Франклин, я до ужаса боялась рожать ребенка. До того как я забеременела, мое видение воспитания детей – чтение историй о попках улыбающимся рожицам перед укладыванием спать, скармливание какой-то бурды в вялые рты – казалось картинками, на которых был кто-то другой. Я страшилась столкновения с тем, что могла оказаться замкнутой, бесчувственной натурой, с собственным эгоизмом и недостатком щедрости, с отвратительной и непреодолимой силой моей собственной неприязни. Как бы ни была я заинтригована «новой страницей жизни», меня оскорбляла перспектива попасть в ловушку чужой истории, из которой нет надежды выбраться. И я думаю, что именно этот страх являлся тем, что меня изводило – как оконный карниз притягивает и заставляет спрыгнуть. Сама непреодолимость задачи, сама ее непривлекательность оказалась в конце концов тем, что меня в ней манило.
Ева
2 декабря 2000 года
Дорогой Франклин,
я устроилась в маленькой кофейне в Чатеме[19], поэтому пишу данное письмо от руки; но ты всегда мог разобрать мои паучьи каракули на открытках, поскольку я предоставляла тебе кучу возможностей для практики. Пара за соседним столиком ведет сокрушительно долгий и нудный разговор по поводу процесса рассмотрения заявления о бюллетенях тех, кто не пришел на выборы в округе Семинол[20] – кажется, такого рода мелочами поглощена сейчас вся страна, потому что все кругом превратились в процедурных педантов. Но все равно их горячность меня согревает – как раньше грела дровяная печь. Моя собственная апатия пробирает меня холодом до костей.
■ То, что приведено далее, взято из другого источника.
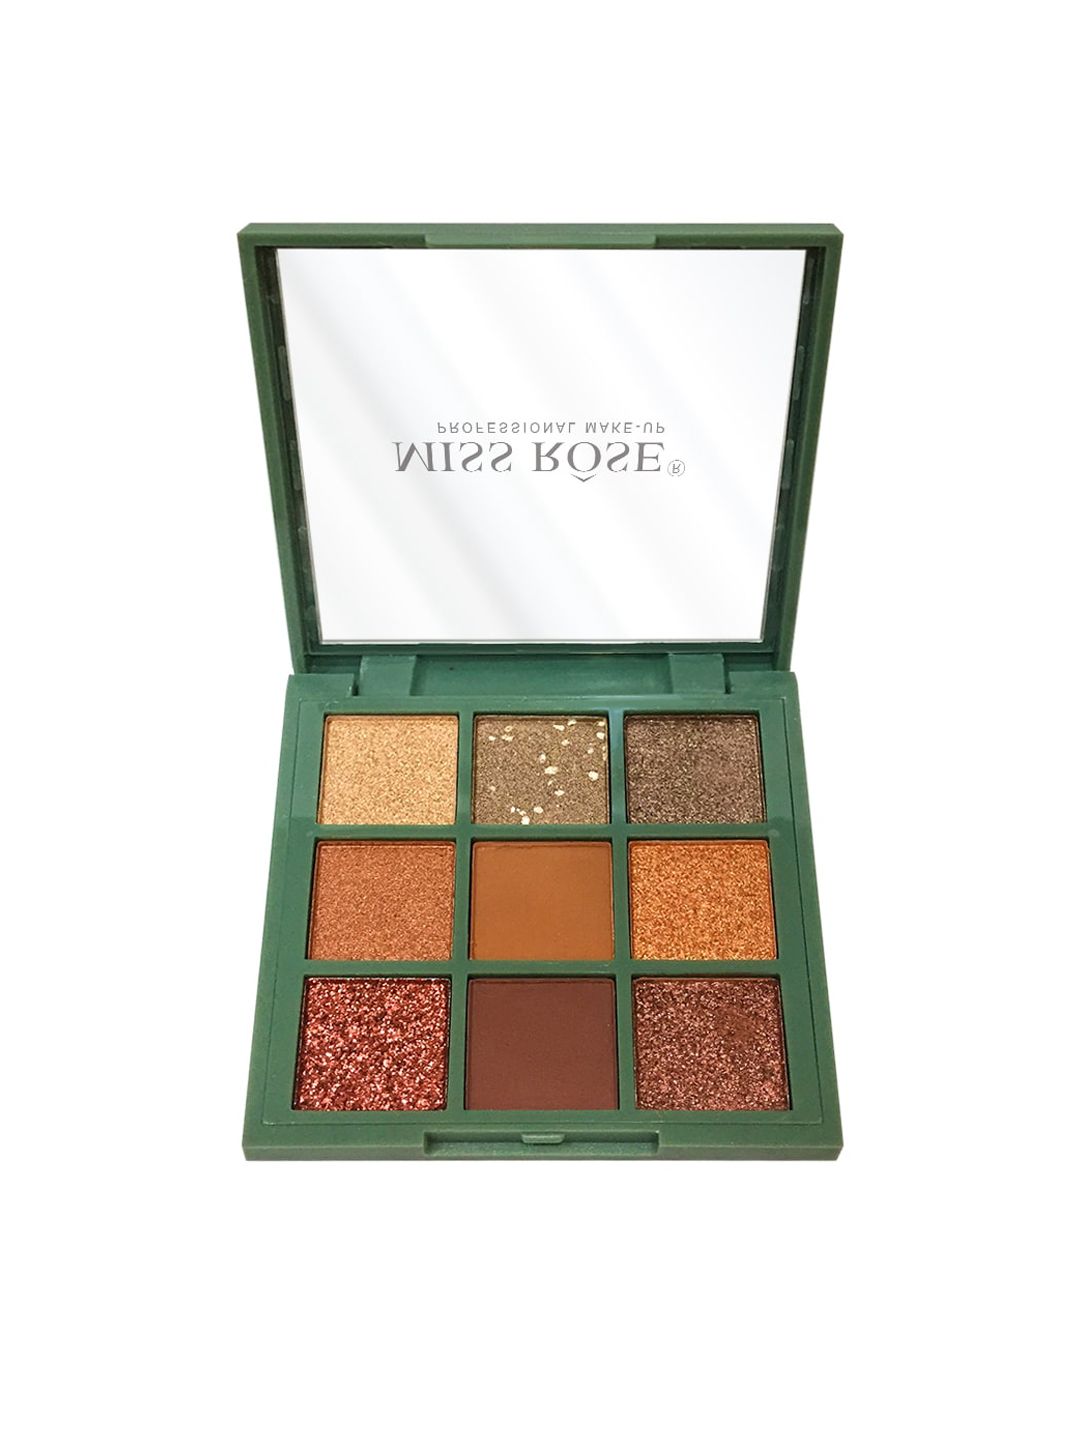 MISS ROSE 9 Color Matte & Glitter Eyeshadow Palette 7001-123 Price in India

Кафе «Бейгель» – по-домашнему уютное заведение, и я думаю, официантка не станет возражать, если я буду неспешно пить свой кофе, положив рядом линованный блокнот. Чатем тоже по-домашнему уютный и настоящий – в нем есть та причудливая старомодность, на имитацию которой тратят кучу денег более зажиточные города вроде Стокбриджа и Линокса[21]. На его вокзал до сих пор приходят поезда. На главной торговой улице расположены традиционные ряды букинистических магазинов (там полно романов Лорена Эстлемана[22], которыми ты так зачитывался), булочные с чуть подгоревшими кексами с отрубями, благотворительные комиссионки, кинотеатр с маркизой над входом, на которой написано «theatre» – местные, видимо, решили, что британское написание выглядит более утонченно[23], и магазин алкоголя, где помимо вина «Тейлор»[24] в больших двухквартовых бутылях[25] – для местных – можно найти на удивление дорогие виды калифорнийского зинфанделя[26] для приезжих. Сейчас, когда большинство местных предприятий закрылось, жители Манхэттена, у которых тут есть второй дом, не дают умереть этой заброшенной деревушке; отдыхающие да еще, конечно, новое исправительное учреждение на окраине городка.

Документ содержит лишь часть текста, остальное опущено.